On a few occasions, the company has even ventured out of the bulk and stamp vending field. Once it built a two selection Hershey candy bar vending machine, and then a big capacity, multi selection bar candy vender (The Sweet 16). During WWII and again in the Korean War, the company went into the business of making shell cases. Northwestern was given the Army-Navy E award on three separate occasions.
Innovation after innovation, Northwestern never ceases to improve quality and create new machines, stands and accessories for a constantly growing market.
Chapter 10: Disaster
Northwestern entered the sixties just like the country did, with a turbulent beginning. In the early morning hours of April 1960 a fire started in the factory. By the time employees arrived at the plant, Northwestern was ablaze. When it was over the company was leveled, except for the warehouse and 7000 machines therein. Overnight a successful business was gone.
Grief stricken at first, Waldo Bolen Sr. was determined. His courage and fight quickly grew and the rebirth of Northwestern was underway. In July production began in what was previously the warehouse and by December of that year Northwestern was back in operating order.
Sadly, Waldo Bolen Sr. did not live to see the completion of his dream. In October 1960 he died, and his eldest son, W.E. “Pat” Bolen Jr. stepped into the presidency.

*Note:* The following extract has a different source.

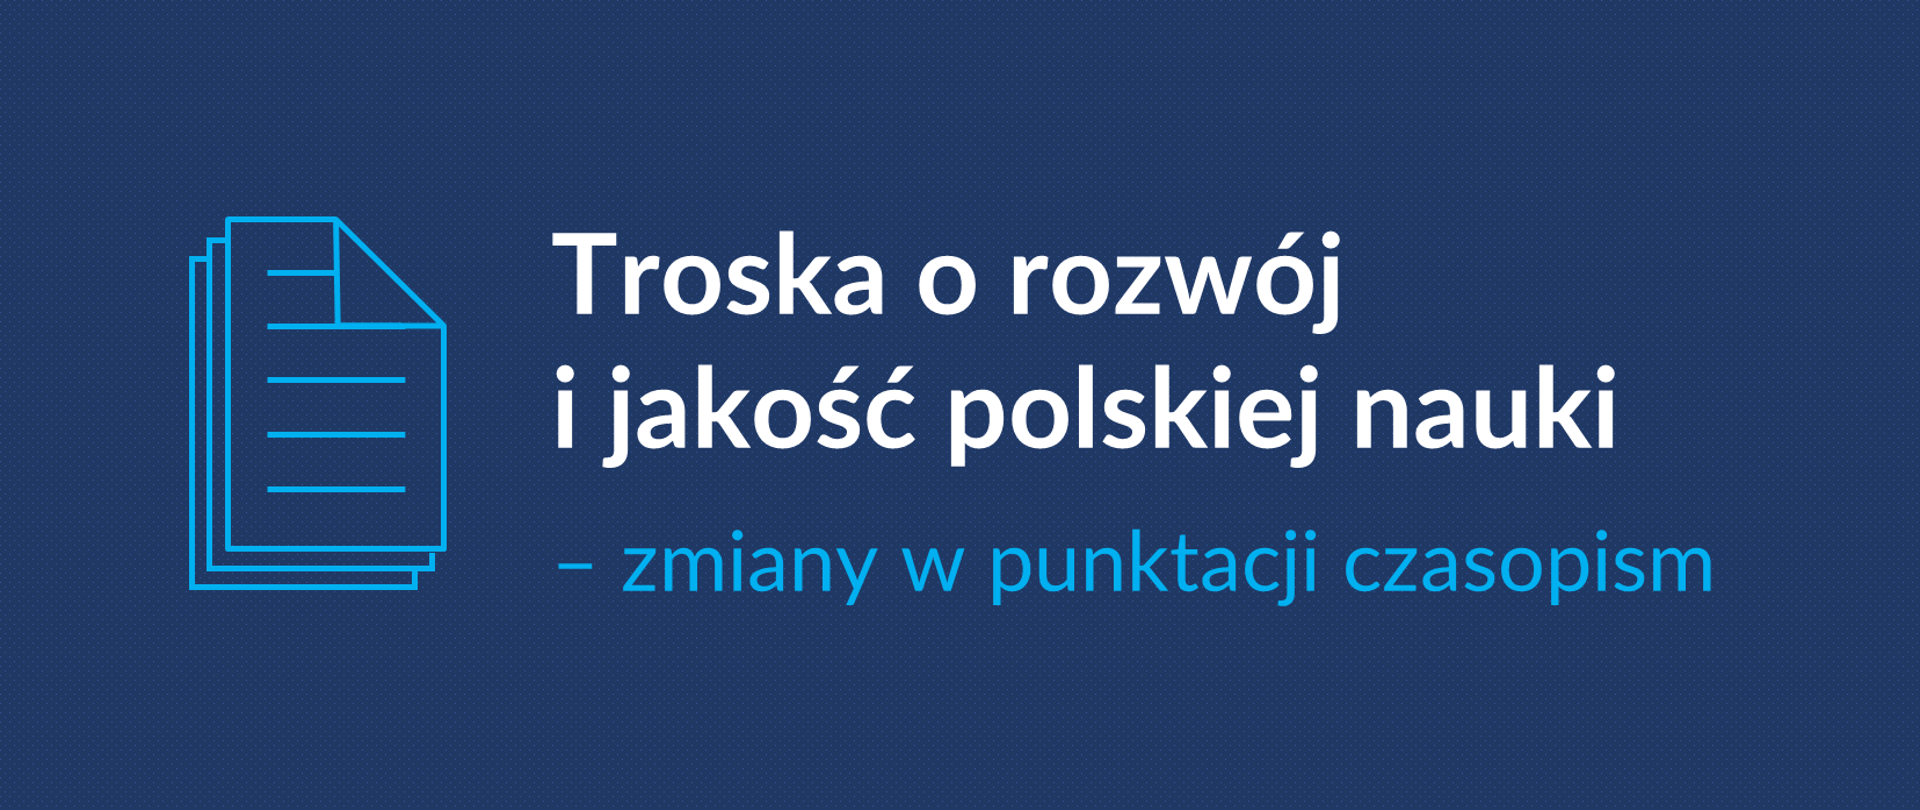 Grafika z tekstem: "Troska o rozwój i jakość polskiej nauki – zmiany w punktacji czasopism"

Chapter 11: Pat and Richard Bolen
Pat had come to Northwestern in 1957, after graduating from the University of Arizona. He was married and had three sons. Northwestern flourished in the sixties and the bulk vending industry continued to grow.
In 1979, Richard K. Bolen, a man of many talents (father, published author, athlete and artist), became President of Northwestern and W.E. Bolen Jr. took the position of Vice President. Richard, an engineering graduate from Stanford, was instrumental in designing and improving Northwestern equipment over the years, and was now ready to pursue a more visible role in the company.
Chapter 12: Northwestern Today
Today business goes on as usual. Northwestern employees are dedicated and many have worked here for most of their adult lives. That in itself says something about the company that Emerson Bolen founded in 1909 and continues to thrive and grow with the third generation of Bolens at the helm.
Emerson would have taken great pride in the knowledge that ingenuity and hard work have made Northwestern the foremost producer of bulk vending equipment in the world.